» SOURCE DATA
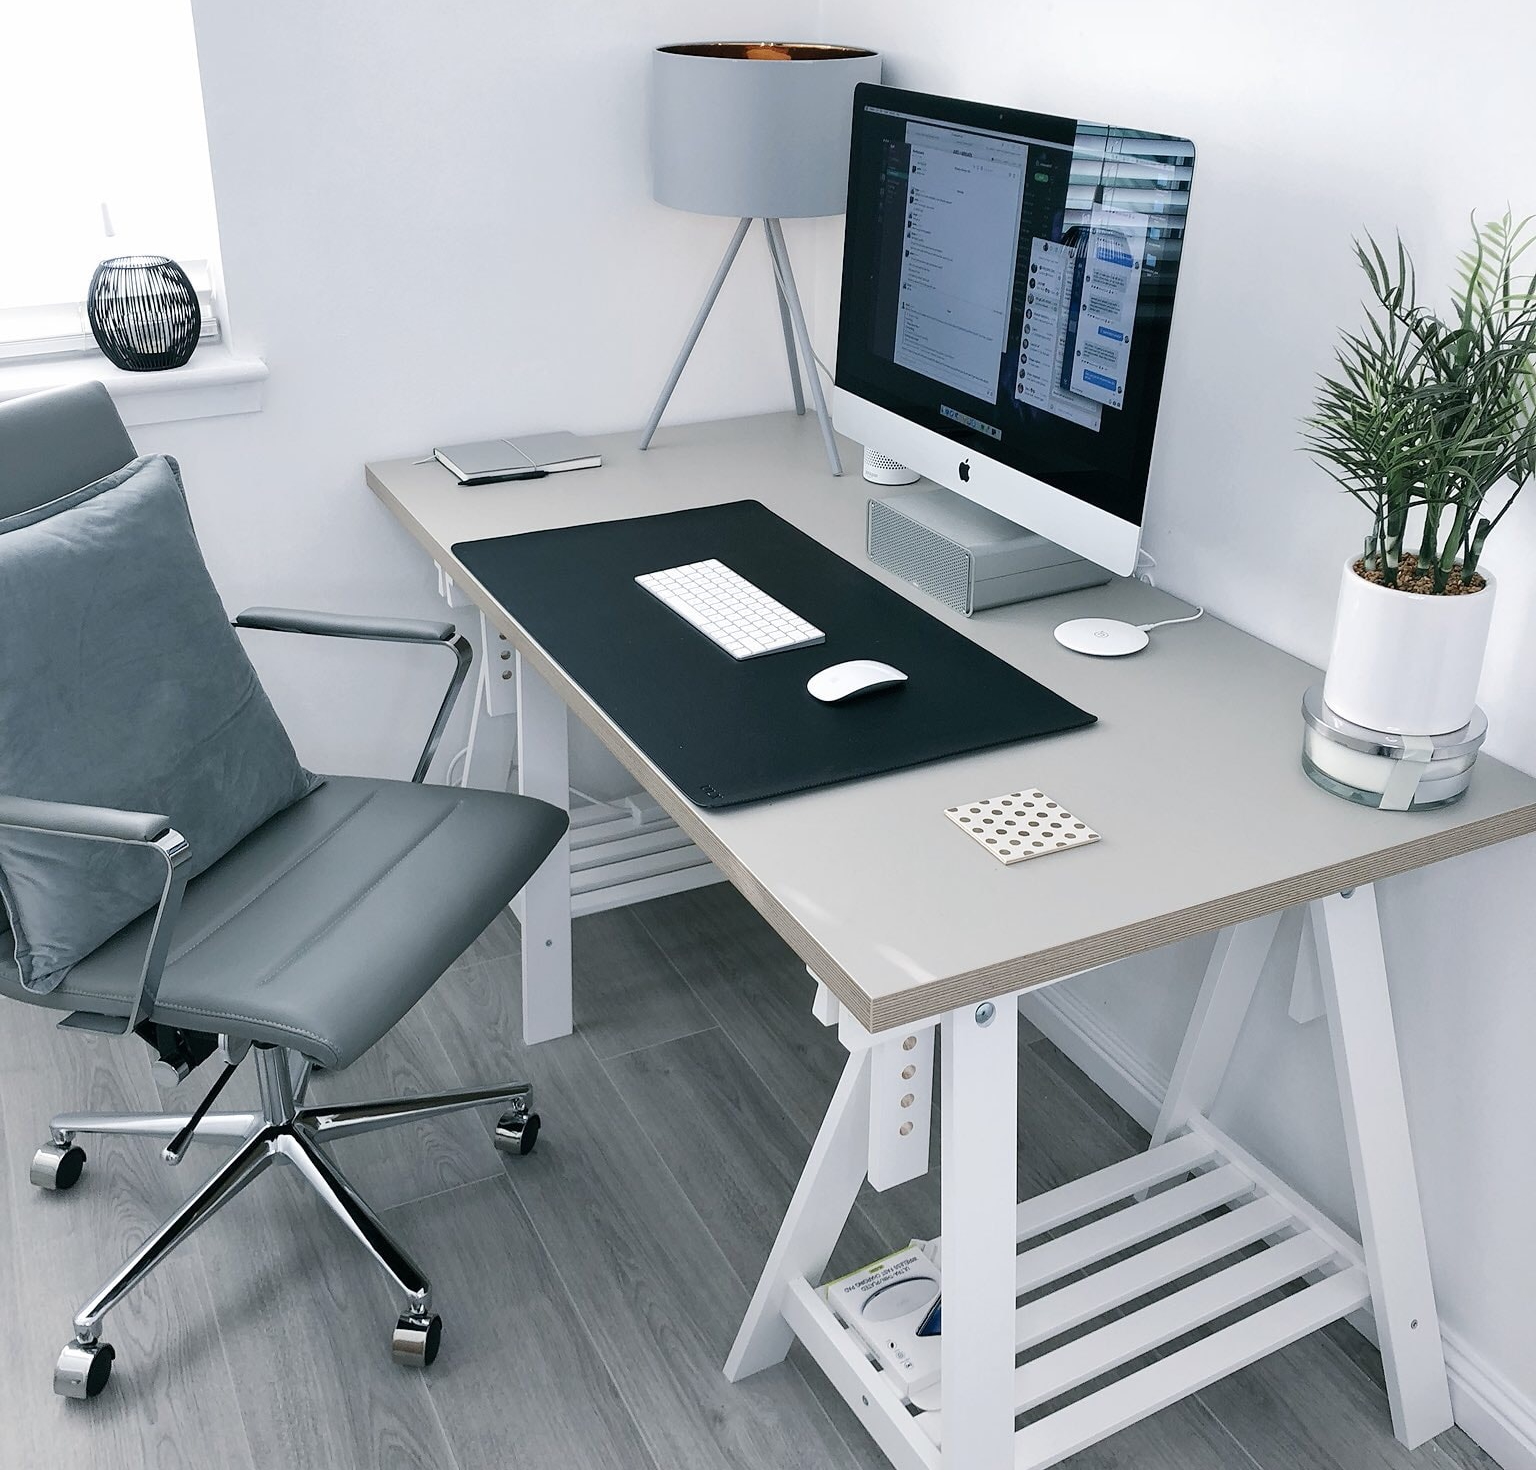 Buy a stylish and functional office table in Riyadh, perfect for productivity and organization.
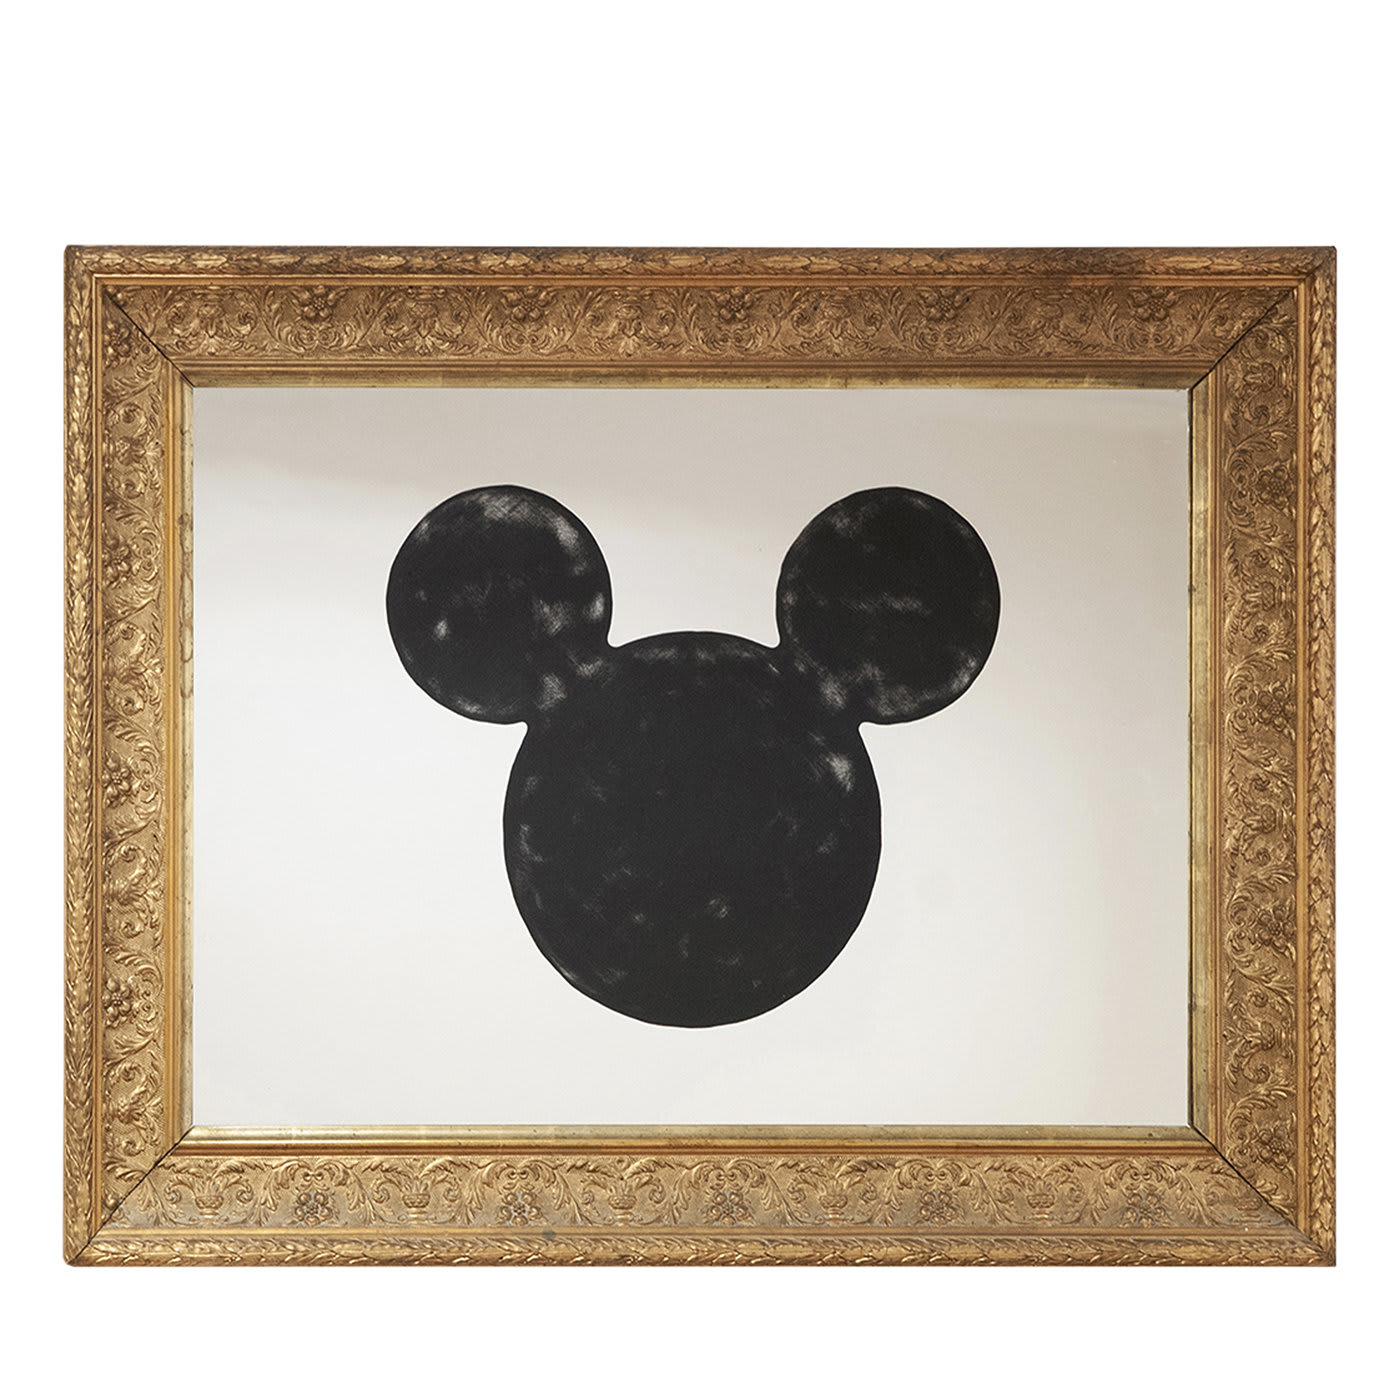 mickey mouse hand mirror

...

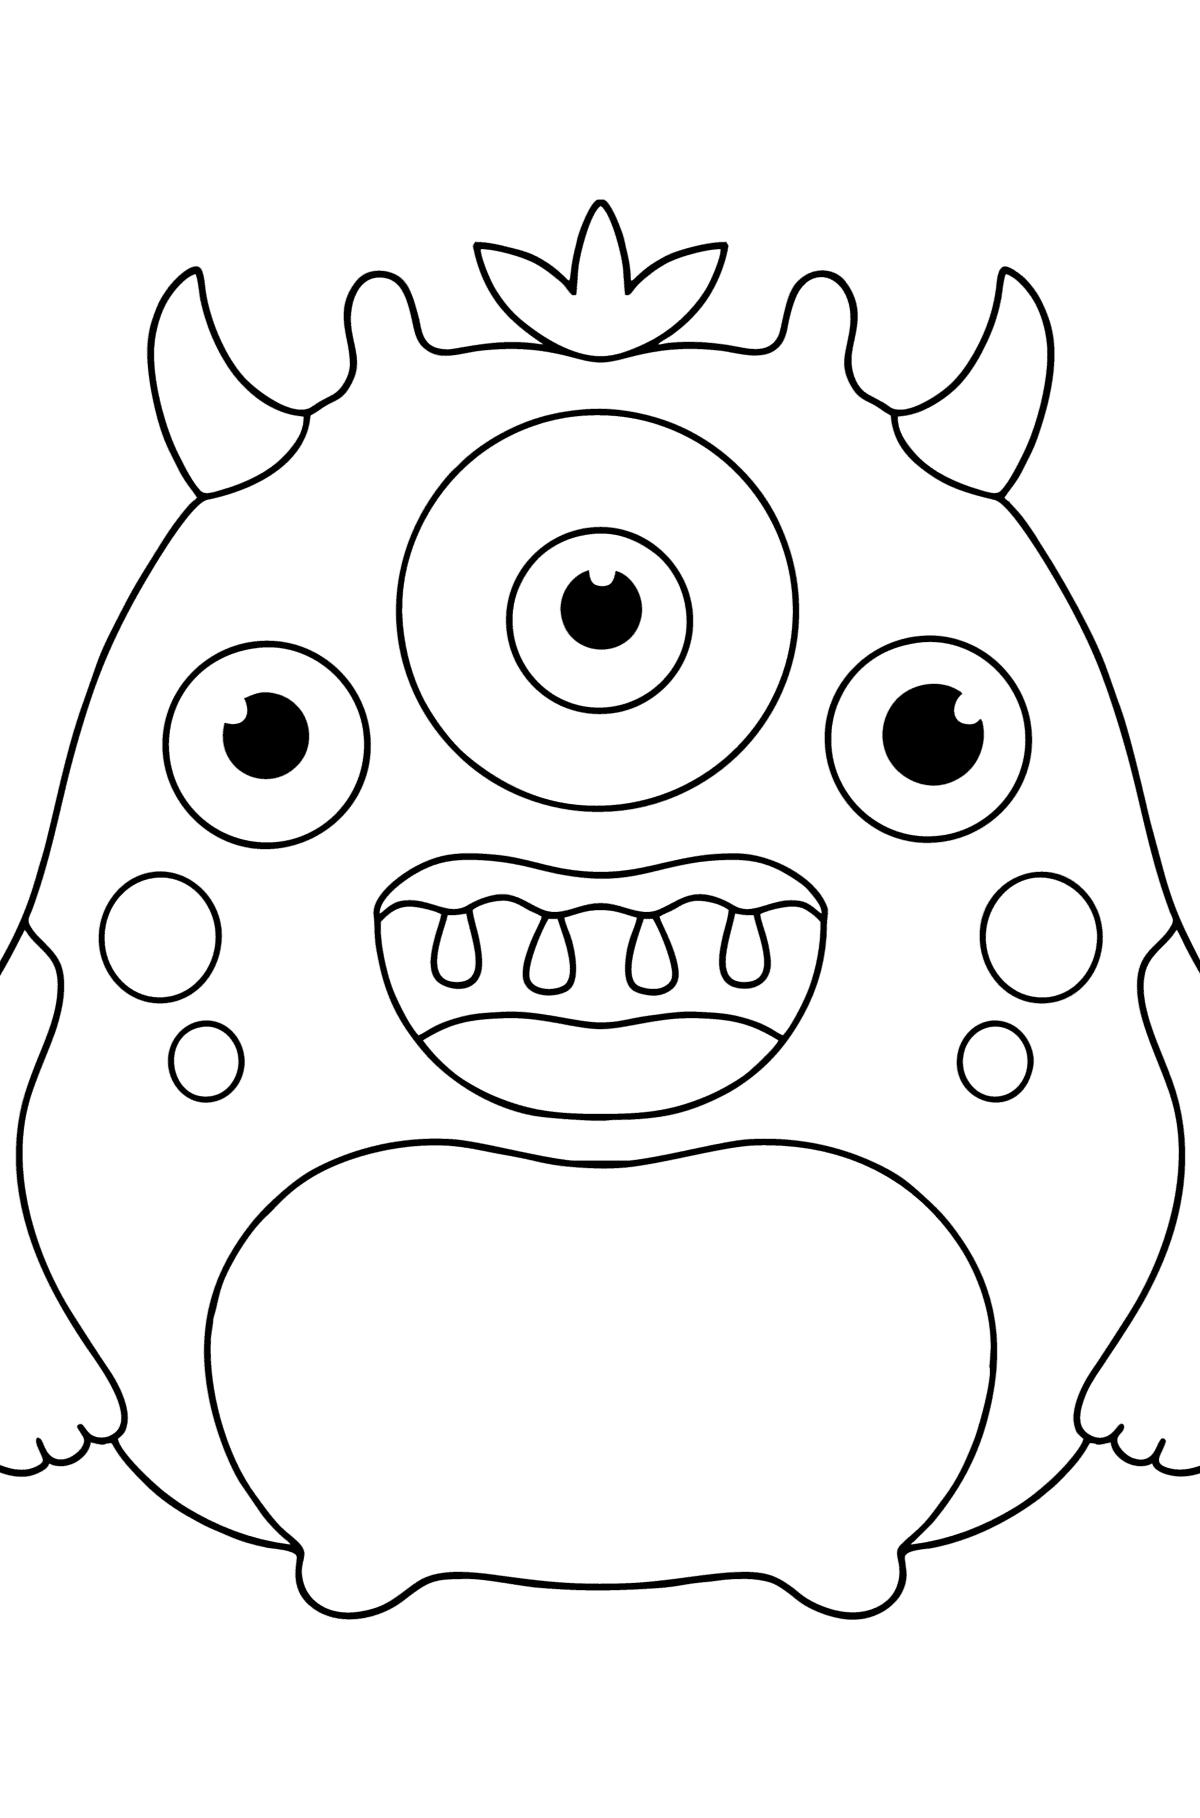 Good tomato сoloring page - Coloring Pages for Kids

» WORK REQUIRED
Go to the line above that contains "Buy a stylish" and reproduce everything exactly from there through the line that contains "mickey mouse hand mirror", leaving out the pictures.

» OUTPUT OF THE TASK
 Buy a stylish and functional office table in Riyadh, perfect for productivity and organization.
 mickey mouse hand mirror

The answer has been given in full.